Letters to the Editor

Letters from readers

Regarding your consensus opinion last week, I think we should set up a petition against these last-minute budget adjustment that scavenge on the financial remains of students at Tech.

What is being done by the SGA to protect our financial interests here? How are these funds being used?

There is nothing in these fees that warrant the name “Temporary” and “Academic Excellence Fees”. Its only purpose is to hide the fact that the Tech administration is unable to prepare balanced budget.

In crisis time, we need to shift our focus to core values and get rid of what is unnecessary. How many people are working in the “Parking and Transportation” agency at Tech? How many of them are loitering around campus to ambush, prey and scavenge upon the financial remains of students? I do not think these people bring any value to our diploma. I do not think they are making our campus any safer.

In addition, the “Parking and Transportation” agency is running a funny business. The transportation fees that are mandatory even for those who do not need them are constantly increasing. When fuel went down by 60%, our transportation fees increased by over 10%. What is the logic here?

Alex Sevy

Grad AE

How many times throughout college have you heard the sentence, “Oh well, thank goodness he curves!” Should we really appreciate it when a teacher curves? Or should we all stop and think about what we really gain? Professors justify curving grades based on the idea that each class should have around the same percentages of As,Bs,Cs, Ds, and Fs.

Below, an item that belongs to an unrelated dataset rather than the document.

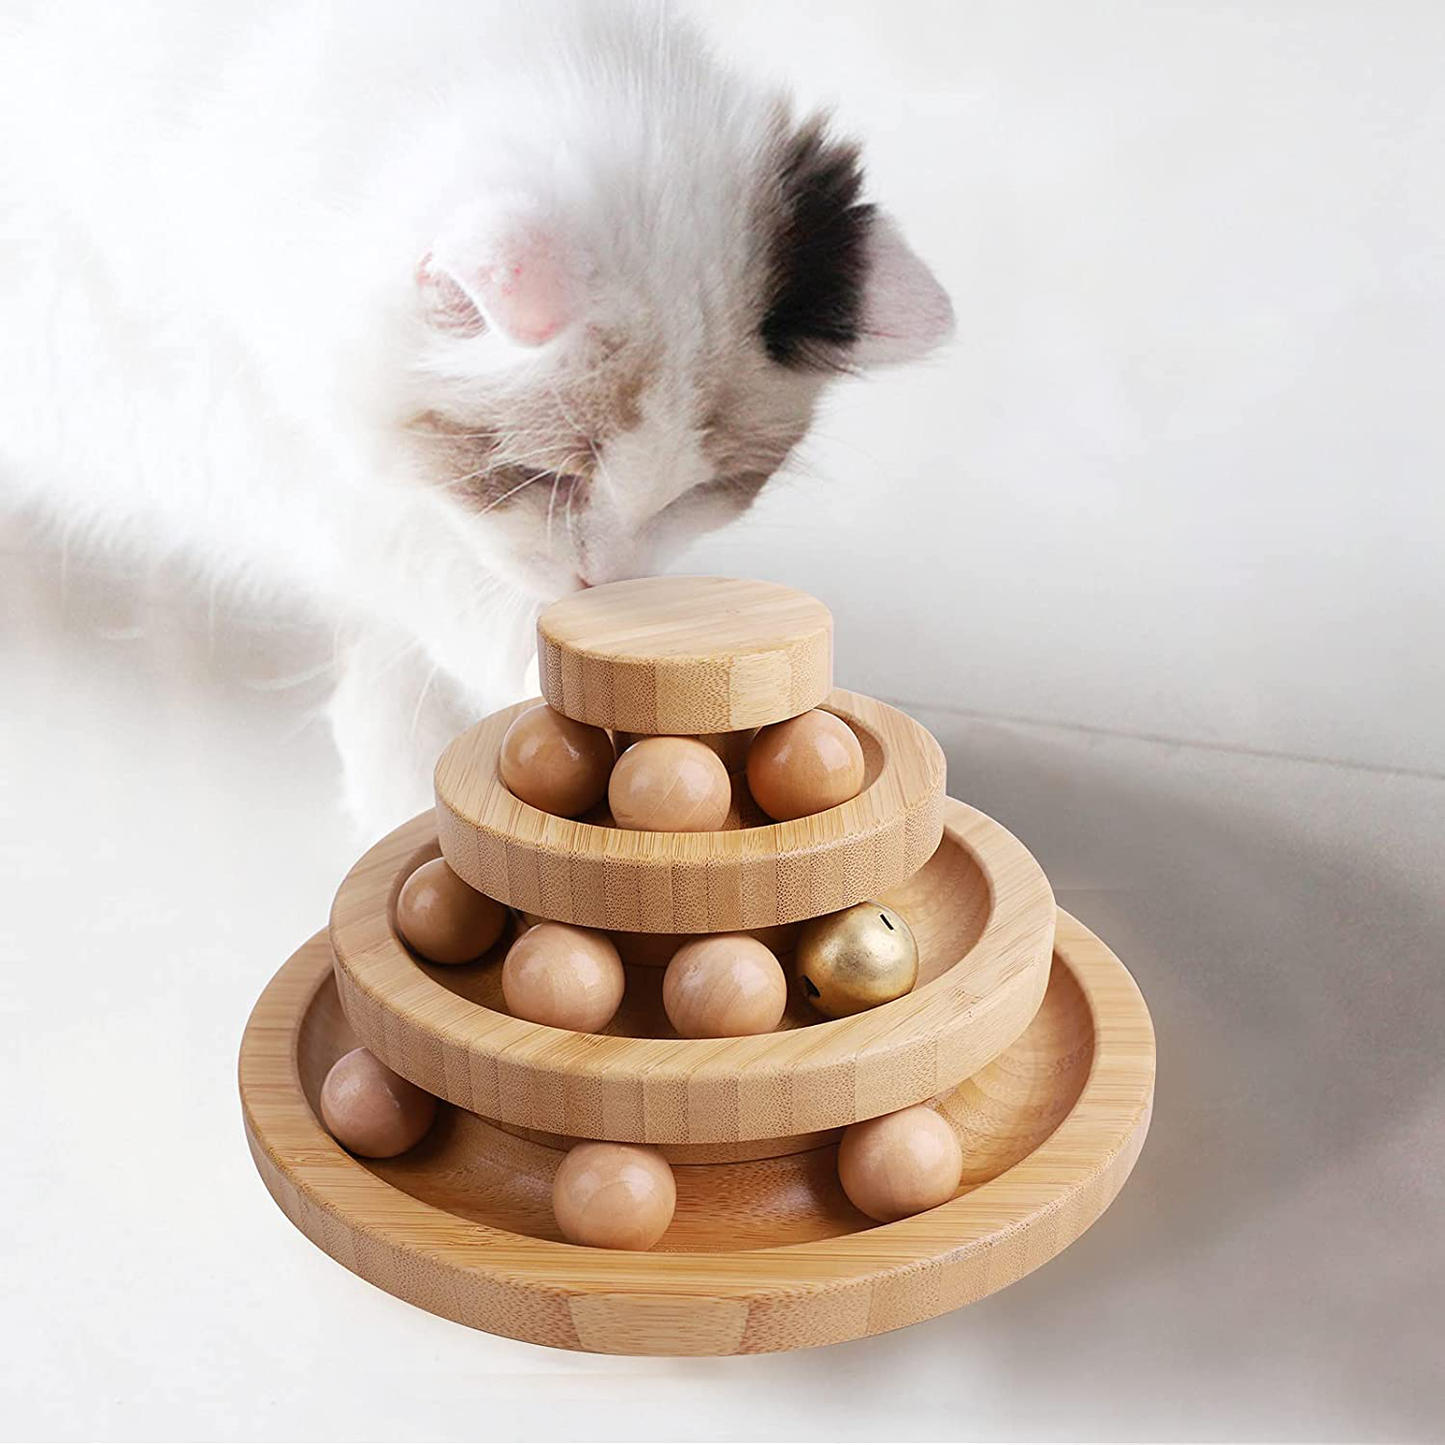 Cat Supplies Funny Roller Cat Balls Bamboo/ Wooden Cat Toys -Three Layer Track Balls Turntable for Kitty Cat Gifts for Your Cats Animals & Pet Supplies > Pet Supplies > Cat Supplies > Cat Toys Smyidel 3 Layer Turntable Bamboo 02

This bases one’s final grade, not on what one knows or don’t know, but on how many of their classmates know or don’t know it. If an excellent Calculus student exempts Calculus I to take Calculus II, does he deserve a lower grade because his class contains all the students who also exempted Calculus I? Should he wait to take it with kids who couldn’t exempt it in order to get a better grade?

Curving discourages the overall learning of the entire class. If a student knows that his grade depends on the performance of his peers, will he want to help or discourage his classmates from understand the material? This causes the standard of learning and knowledge to decrease for everyone. Most importantly, say a student takes a physics test and gets a thirty on it, but then the professor curves it to make a thirty a passing grade: the fact has not changed that that student still only knows how to do thirty percent of the material….it only changes the appearance.

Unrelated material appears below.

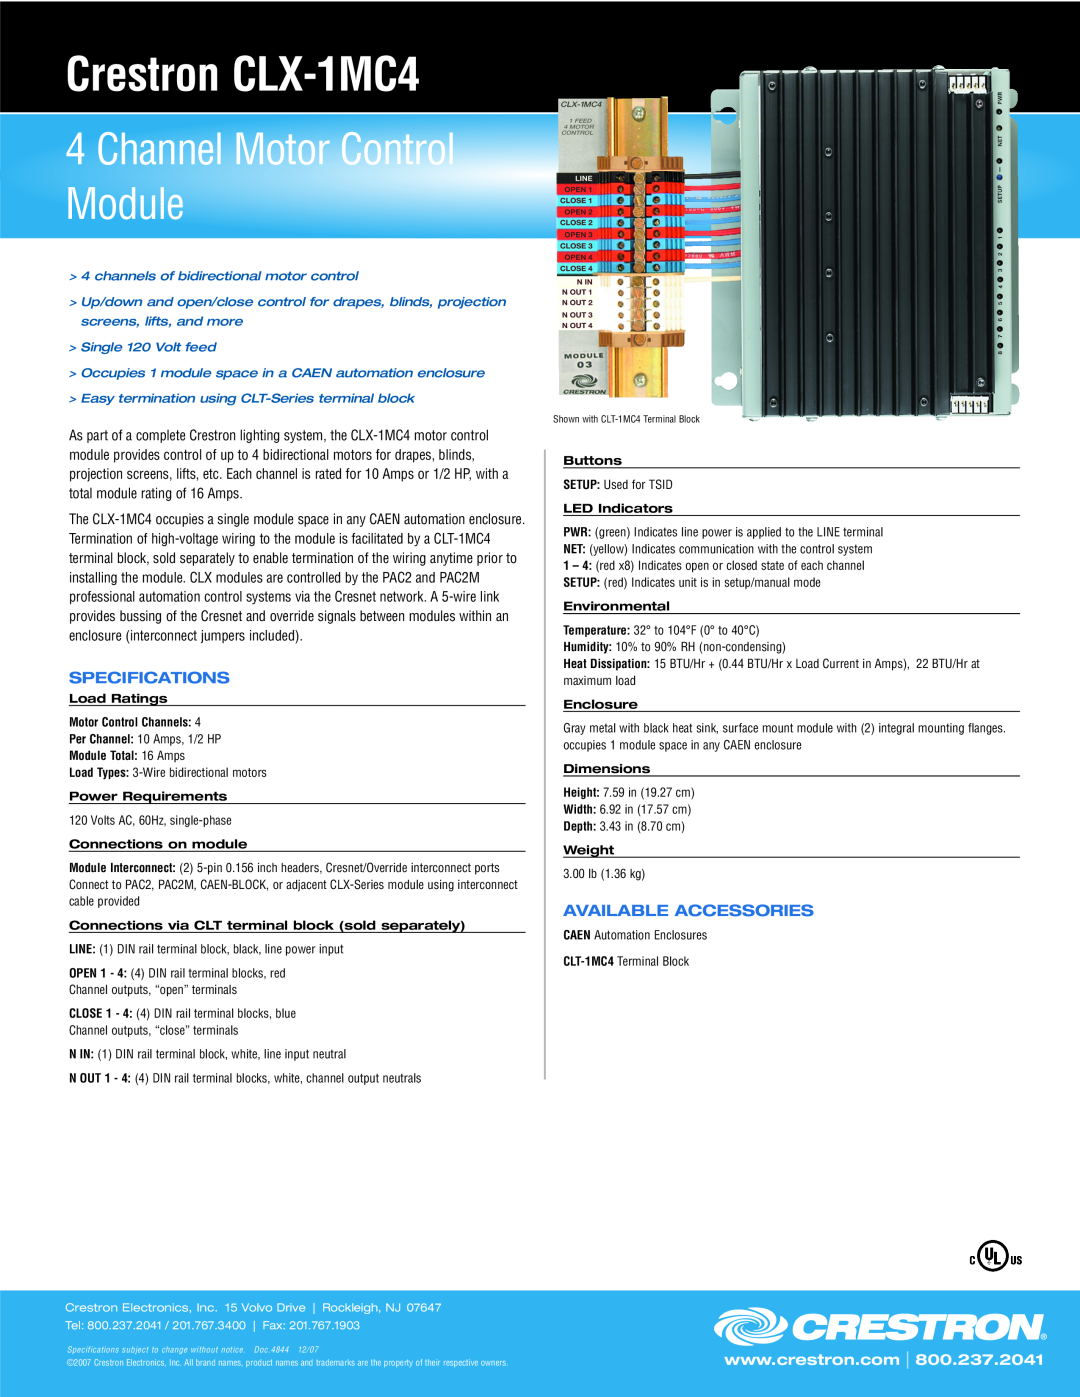 Crestron electronic specifications Crestron CLX-1MC4, Channel Motor Control Module, Specifications

Curving grades makes classes appear like students have learned the material for the benefit of the professor, at the expense of the student’s education. And by extension, the expense of anybody concerned with the knowledge of the students who will one day run the future.

What would happen if tomorrow professors at Georgia Tech could no longer curve grades? Would professors end up failing entire classes? No, because then they would go on academic probation and lose their jobs. Instead, professors would be forced to teach their students and make sure that their students understand how to do chemistry, statistics, calculus, thermodynamics, etc. If teachers cannot capably teach their material to a level students can master, then the school should replace them with someone who can, but the school should not allow a curve to hide behind.

Kate Bowen

Fifth-year CE

While I will not argue that affordable available Health coverage is a noble goal, I ask you at what price does the pursuit of this goal come? It appears to me the costs are our freedoms, an immoral redistribution of wealth, and a massive government expansion which will only lead to more oppression and less freedom.

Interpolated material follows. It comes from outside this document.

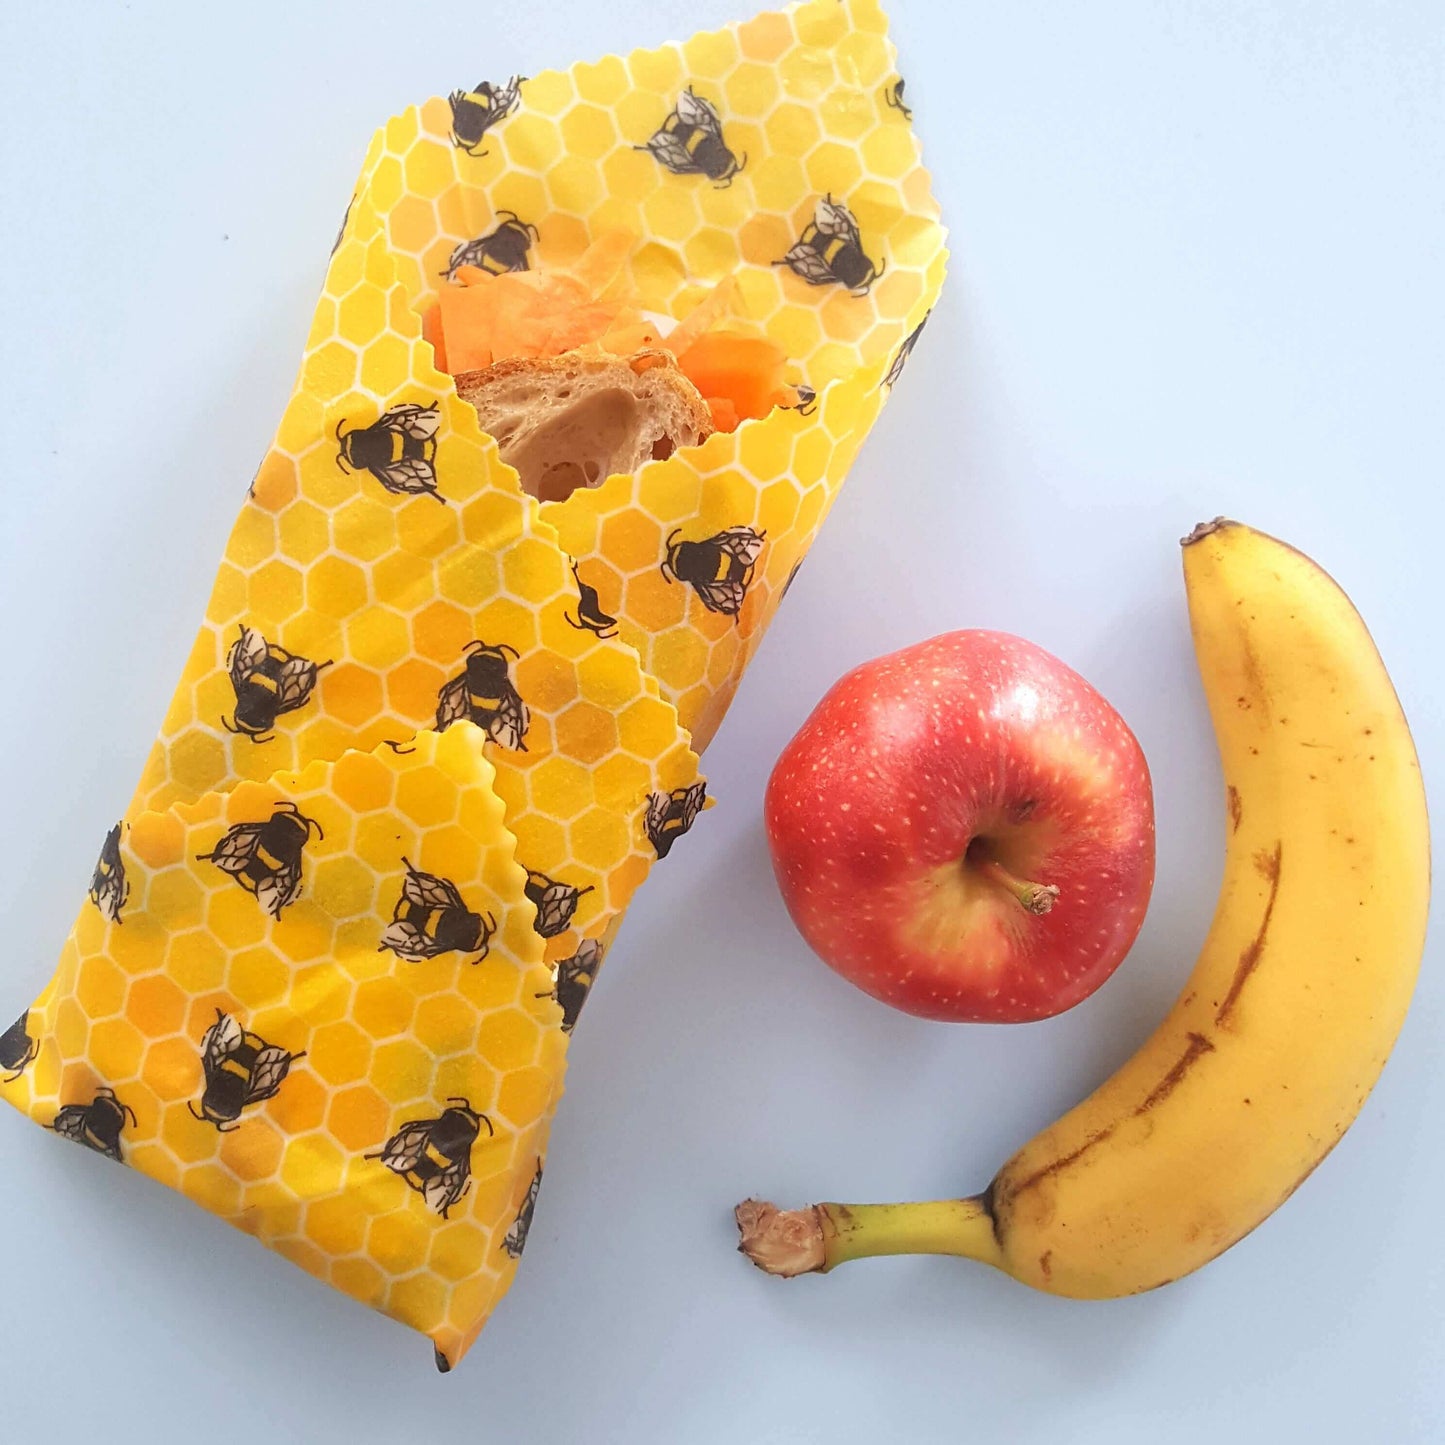 Planet-Kind single large beeswax wrap in Yellow Bees pattern as flatlay

While I agree that you are supposed to support the majority of your constituents, you must realize there is a real need to protect from tyranny of the majority.

The healthcare bill costs $1.2 trillion that has to come from somewhere and half of it admittedly is going to be from taxes on the wealthy, who already pay a disproportionate amount of taxes to fund other massive entitlement programs.

I am a student at Georgia Tech, and I would love to hear a response defending your vote.